Polymorphic languages can be statically typed to provide strong type checking, efficiency, and to support a static programming idiom, but require restrictions in many cases, such as requiring overriding methods to have identical signatures with the methods they substitute (as in C++) or allowing covariant parameters but limiting base class usage (as in Eiffel). If these restrictions are dropped, multiple-polymorphism results. Thus a single overridable function declared in a base class may have several functions overriding it in a derived class differentiated only by their formal argument types. This therefore requires both static and dynamic typing, because no formal argument differentiation is possible without static types, as in Smalltalk, and no actual argument differentiation is possible without dynamic types (as in C++ and Eiffel). See section 2.3 for another example of multiple-polymorphism.

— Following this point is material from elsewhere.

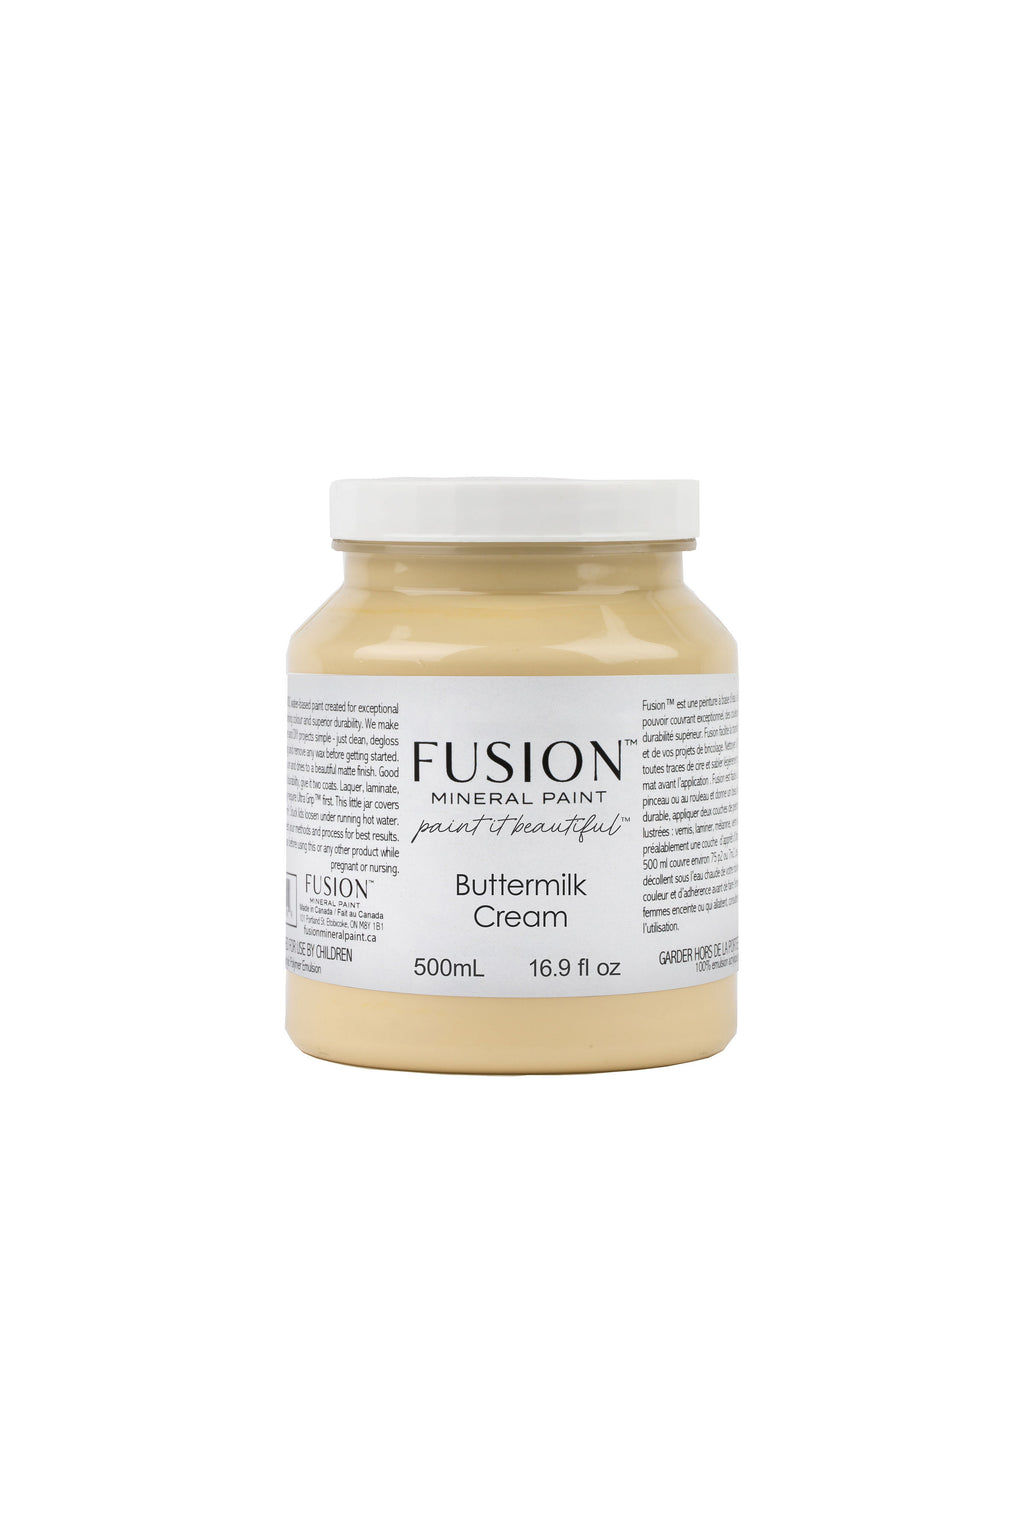 Buttermilk Cream Fusion Mineral Paint - Pint

There is some concern about the efficiency of run-time method selection as can occur with multiple-polymorphism (or even dynamic message passing). However, static analysis optimizations are commonly available in the literature, potentially providing a single static selection in many cases [See Agrawal 91, Chambers 92, Mugridge 91, and etc.].
But coupling the two cases of selector variables (as found in CLOS, Objective-C, and etc.) and several possible known selectors together with the general undecidability of dynamic types at compile-time renders dynamic typing and run-time selection (or checking) as unavoidable in the general case [a point often mistaken in comp.object. E.g. simple statically/strongly typed multi-methods still require dynamic types!]
See [Booch 91], multiple-polymorphism, for a good CLOS example.